Get a log sample from the S3 bucket.
Determine if the S3 contents are compressed.
Choose a destination tag. Contact us for assistance checking for an existing tag or use a my.app tag.

Run It

Simple Template

In the Cloud Collector App, create an SQS Collector instance using this parameters template, replacing the values enclosed in < >.

{
  "inputs": {
    "sqs_collector": {
      "id": "<FIVE_UNIQUE_DIGITS>",
      "services": {
        "custom_service": {<OPTIONS>,
          "routing_template": "<DESTINATION TAG>"
        }
      },
      "credentials": {
              "aws_cross_account_role": "arn:<PARTITION>:iam::<YOUR_AWS_ACCOUNT_NUMBER>:role/<YOUR_ROLE>",
              "aws_external_id": "<EXTERNAL_ID>"
      },
      "region": "<REGION>",
      "base_url": "https://sqs.<REGION>.amazonaws.com/<YOUR_AWS_ACCOUNT_NUMBER>/<QUEUE_NAME>"
    }
  }
}

Flexible Template

{
  "global_overrides": {
    "debug": false
  },
  "inputs": {
    "sqs_collector": {
      "id": "12351",
      "enabled": true,
      "credentials": {
        "aws_access_key_id": "",
        "aws_secret_access_key": "",
        "aws_base_account_role": "arn:aws:iam::837131528613:role/devo-xaccount-cs-role",
        "aws_cross_account_role": "",
        "aws_external_id": ""
      },
      "ack_messages": true,
      "direct_mode": false,
      "do_not_send": false,
      "compressed_events": false,
      "base_url": "https://us-west-1.queue.amazonaws.com/id/name-of-queue",
      "region": "us-west-1",
      "sqs_visibility_timeout": 240,
      "sqs_wait_timeout": 20,
      "sqs_max_messages": 1,
      "services": {
        "custom_service": {
          "file_field_definitions": {},
          "filename_filter_rules": [],
          "encoding": "gzip",
          "send_filtered_out_to_unknown": false,
          "file_format": {
            "type": "line_split_processor",
            "config": {
              "json": true
            }
          },
          "record_field_mapping": {
            "event_simpleName": {
              "keys": [
                "event_simpleName"
              ]
            }
          },
          "routing_template": "destination tag",
          "line_filter_rules": [
            [
              {
                "source": "record",
                "key": "event_simpleName",
                "type": "match",
                "value": "EndOfProcess"
              }
            ],
            [
              {
                "source": "record",
                "key": "event_simpleName",
                "type": "match",
                "value": "DeliverLocalFXToCloud"
              }
            ]
          ]
        }
      }
    }
  }
}

Parameters

File Format Processors

Processors are selected in the type section within file_format. The processor must match the format of the event in the queue.

Example 1

We want to discard all the events that match these conditions:

if record.eventName = "HeadObject" or record.eventName = "ListObjects" or record.eventName = "HeadBucket" or record.eventName = "GetBucketLocation" 
 do_not_send_record()

eventName is one of these values: HeadObject, ListObjects, HeadBucket, GetBucketLocation

In Devo, these criteria are specified with the next query. If everything is OK, after configuring the collector properly, there should not be any event if we run this query:

from cloud.aws.cloudtrail.s3 where eventName = "HeadObject" or eventName = "ListObjects" or eventName = "HeadBucket" or eventName = "GetBucketLocation"

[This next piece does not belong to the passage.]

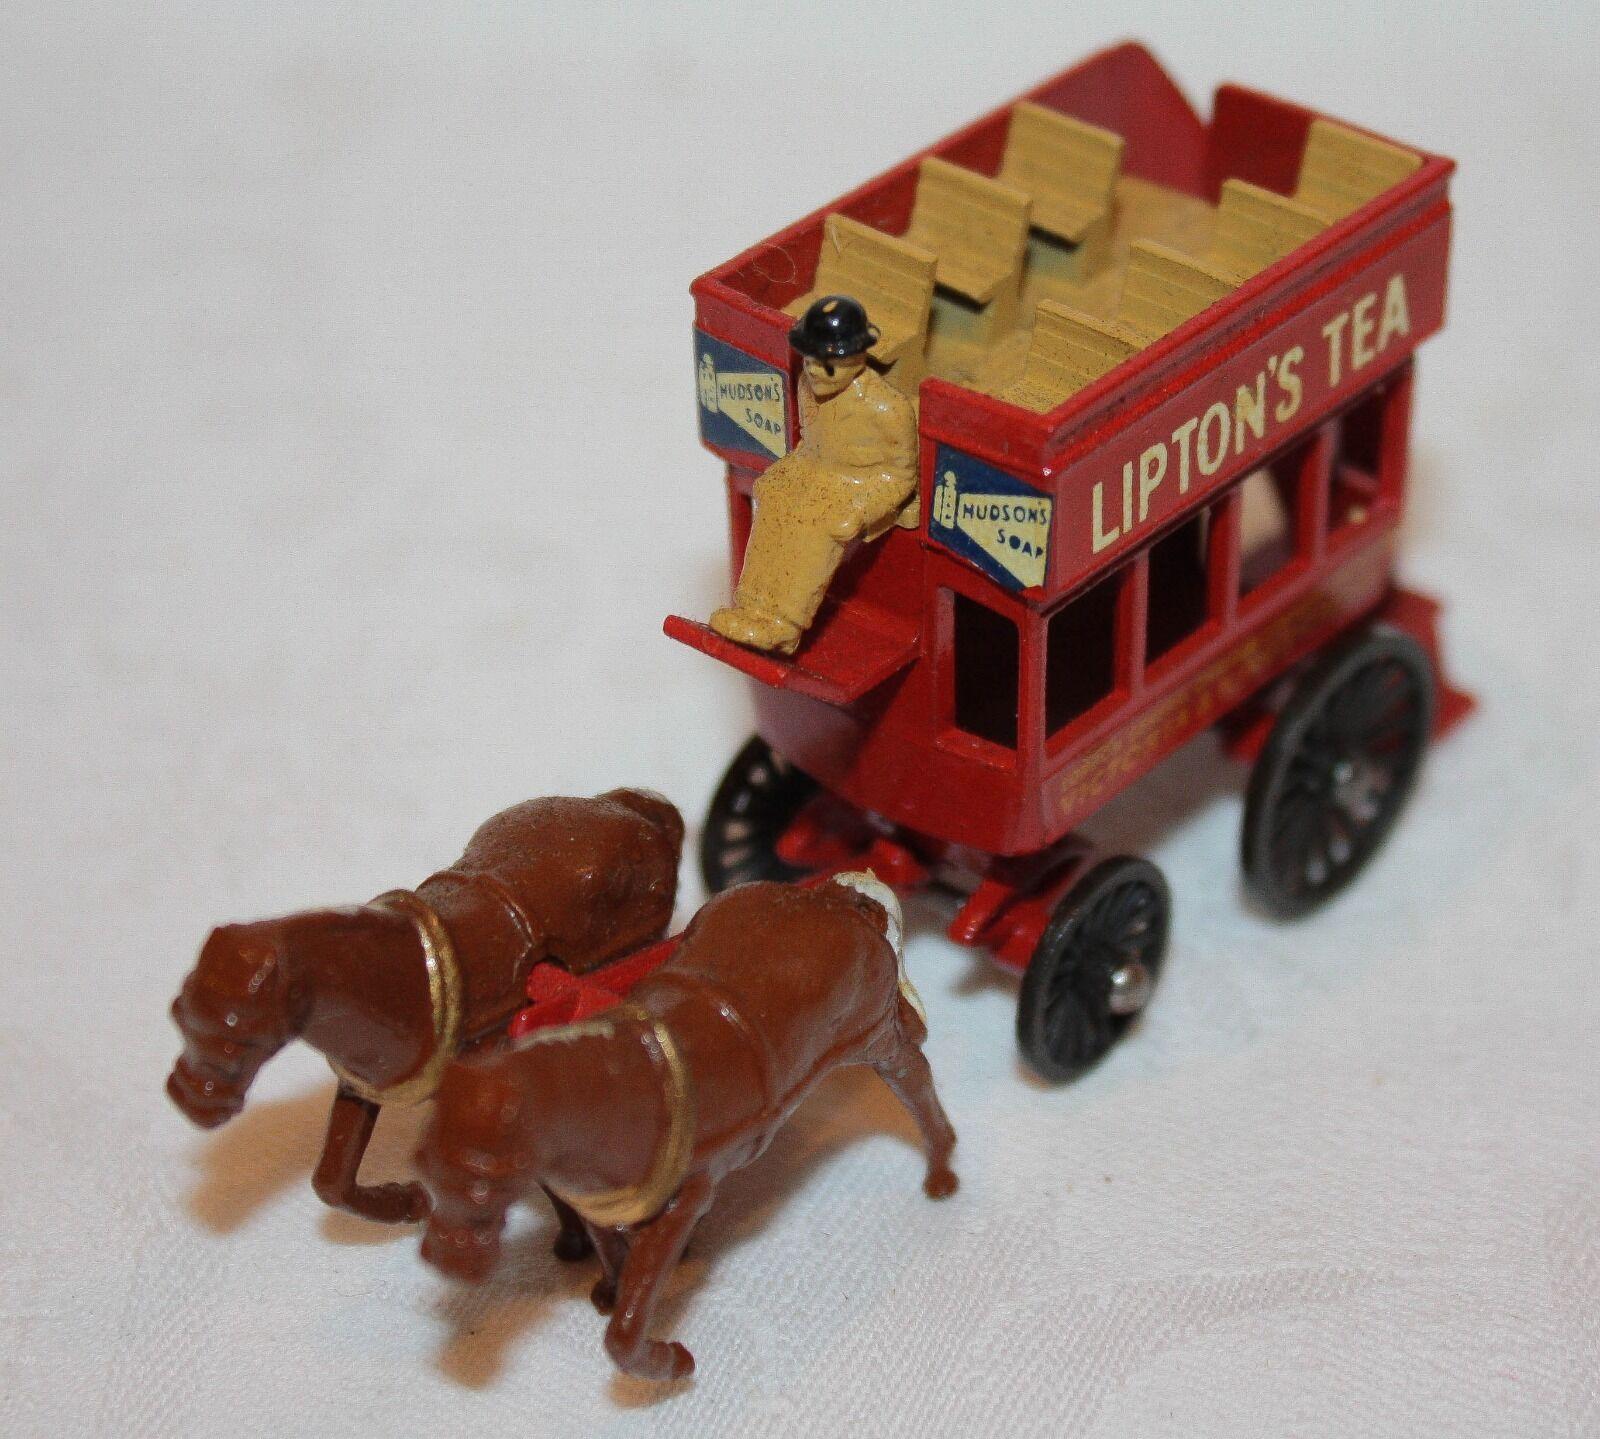 Vintage Matchbox Lesney Models of Yesteryear Y12-1 1899 London Horse Drawn Bus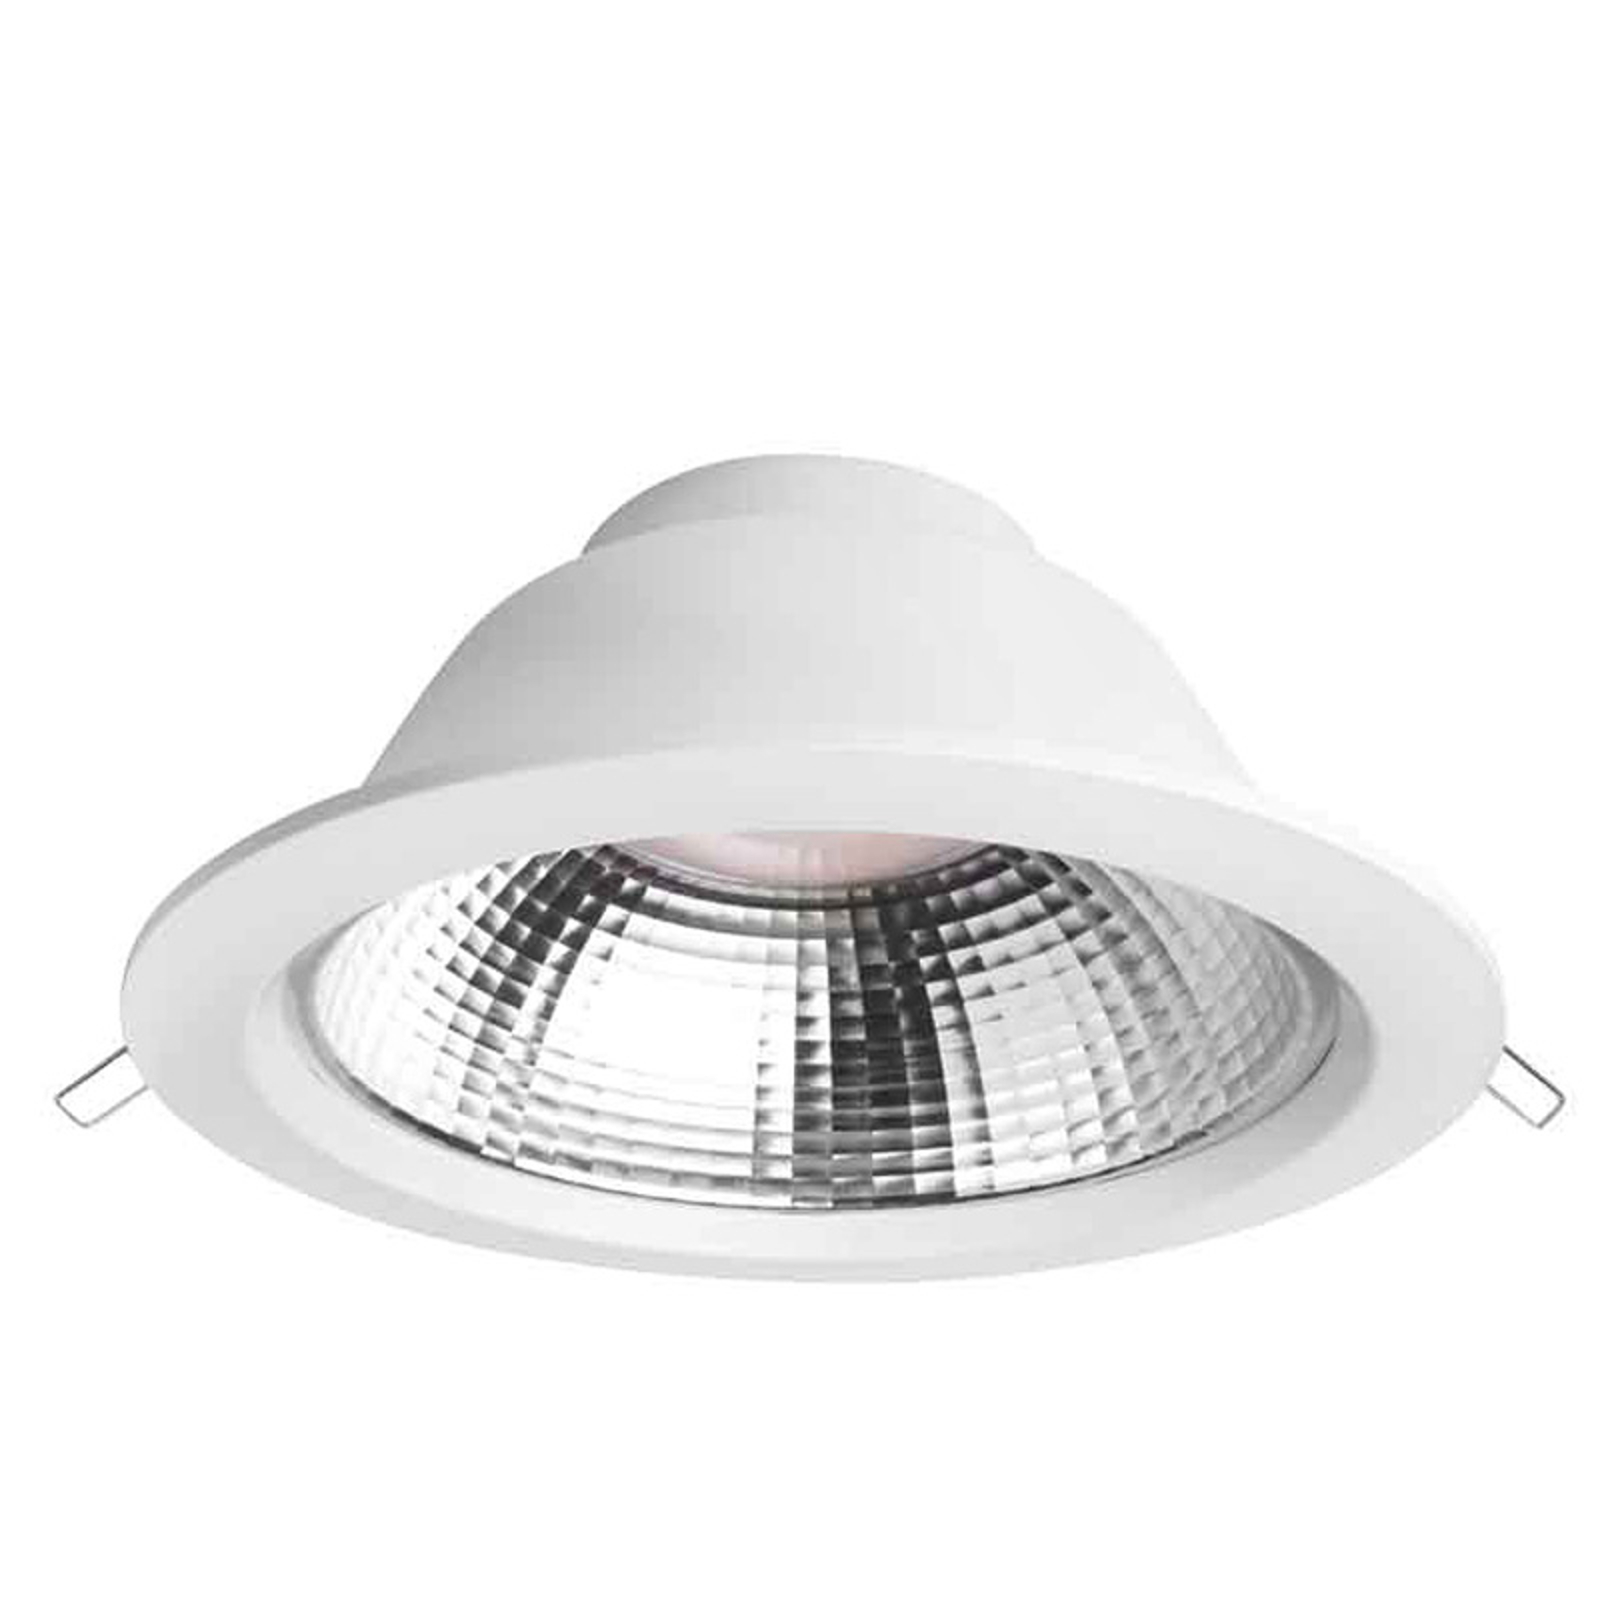 Siena LED-downlight lyssterk 19W

In this case, the key for the filter is the eventName, so first we need to add the key to the collector in the record_field_mapping section. After the record_field_mapping, we apply the corresponding filters in the line_filter_rules section. In this case, this would be as follows:

"record_field_mapping": {
  "eventName": {
    "keys": ["eventName"]
  }
},
"line_filter_rules": [
    [{"source": "record", "key": "eventName", "type": "match", "value": "HeadObject"}],
    [{"source": "record", "key": "eventName", "type": "match", "value": "ListObjects"}],
    [{"source": "record", "key": "eventName", "type": "match", "value": "HeadBucket"}],
    [{"source": "record", "key": "eventName", "type": "match", "value": "GetBucketLocation"}]
]

Elements in different lists are OR conditions. Elements in the same list are AND conditions.

Note that the logic for these filters is if they match the query, the collector won't send the event to Devo.

Example 2

What if we want to filter out the events that match this pseudocode query that has mixed conditions?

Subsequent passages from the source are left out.